Authors: Jenny Hoang, Helen Jiang
Course: CSE 163
Install the following Python libraries before running: pip install pandas seaborn matplotlib scipy openpyxl
Download the following datasets and place them in a folder called data/:
-
College Scorecard: https://collegescorecard.ed.gov/data/ Download "Most Recent Institution-Level Data" and rename to: Most-Recent-Cohorts-Institution.csv
-
Census ACS Median Income: https://data.census.gov/ Search "S1903", select all states, download CSV and rename to: Median-Income-Past-12-Months.csv
-
SHEEO State Higher Education Finance: https://shef.sheeo.org/data-downloads/ Download "2024 Report Data" and rename to: SHEEO_SHEF_FY24_Report_Data.xlsx
- main.py: Cleans and prepares all three raw datasets.

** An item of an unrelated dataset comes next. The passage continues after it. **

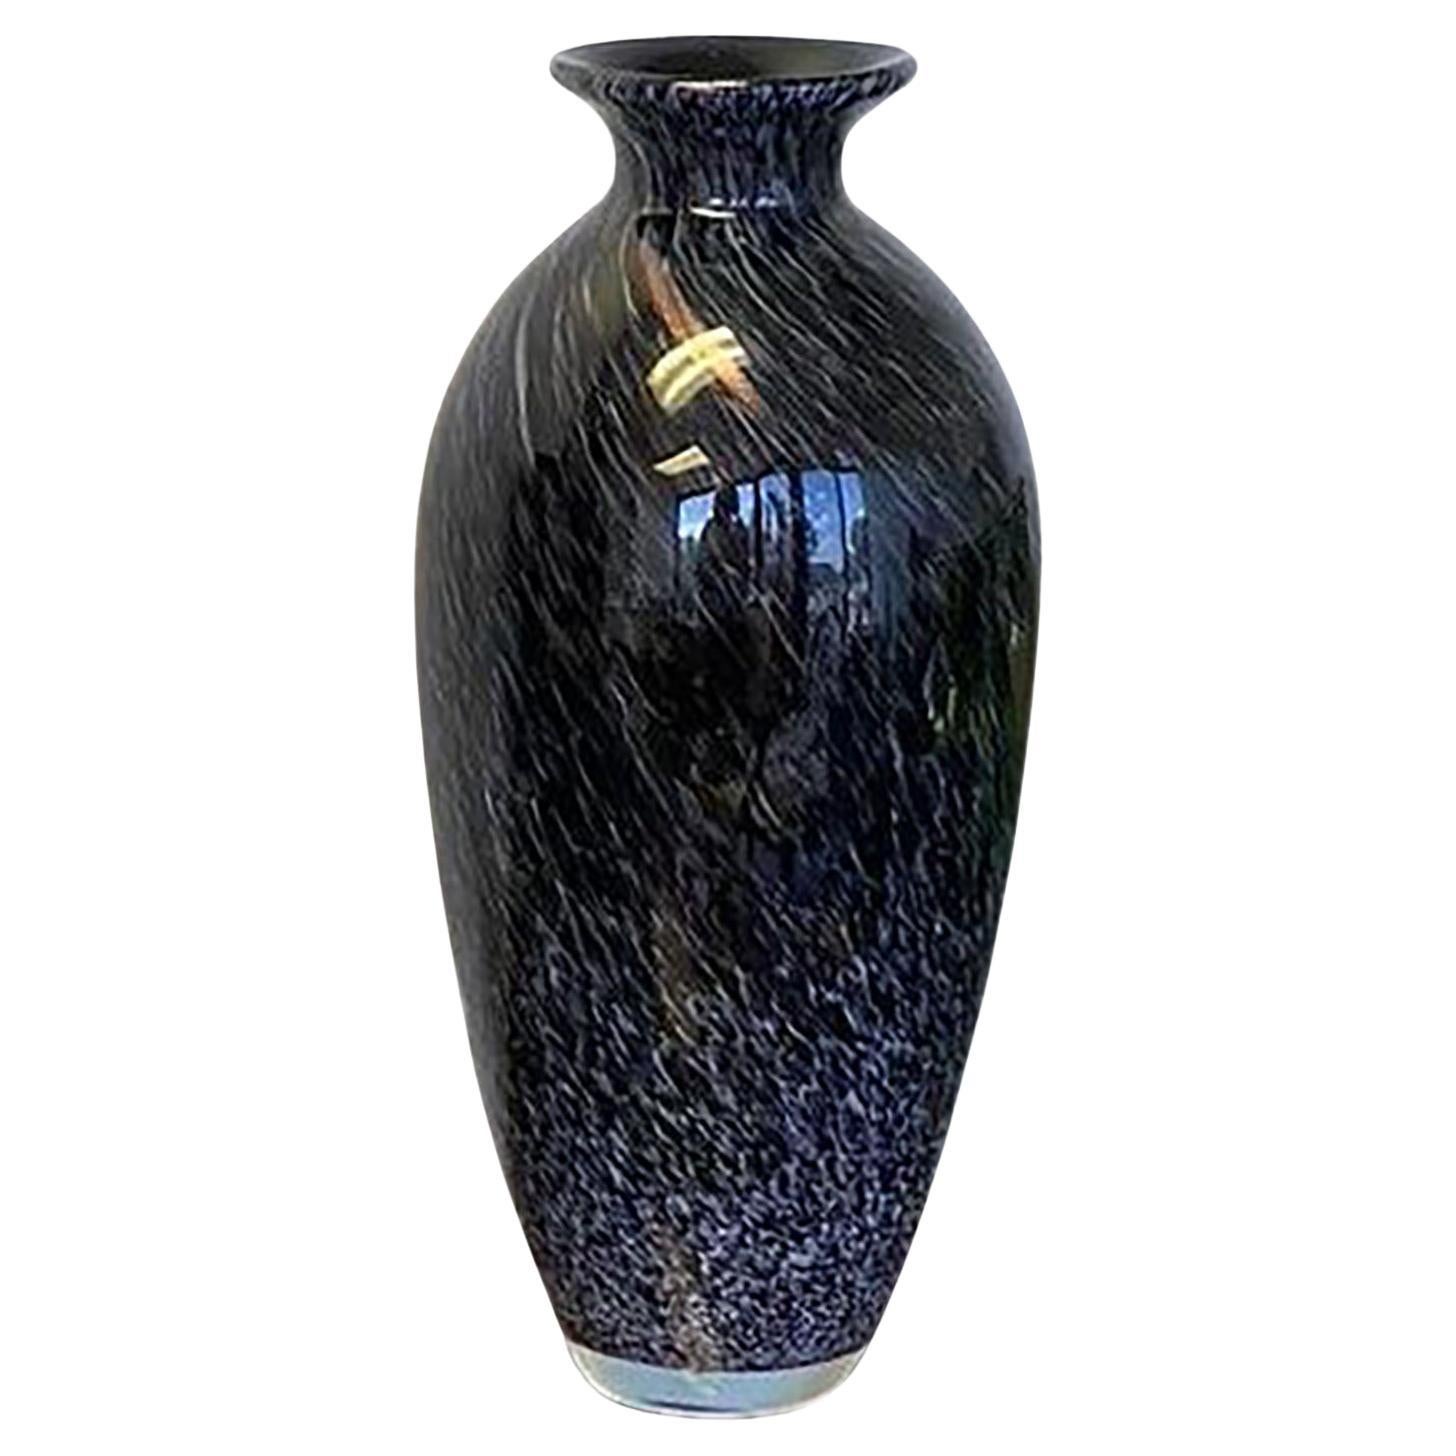 Murano Black Silver and Gold Art Glass Vase

Run this first.
- eda.py: Performs the full analysis, generates all visualizations, and runs statistical tests.
- test_eda.py: Tests the key functions in eda.py using small hand-crafted DataFrames.
Step 1: Download all datasets and place them in the data/ folder.
Step 2: Create an images/ folder in the project directory.
Step 3: Run the cleaning script first: python main.py
Step 4: Run the analysis script: python eda.py
Step 5: To run tests: python test_eda.py
All output images will be saved to the images/ folder.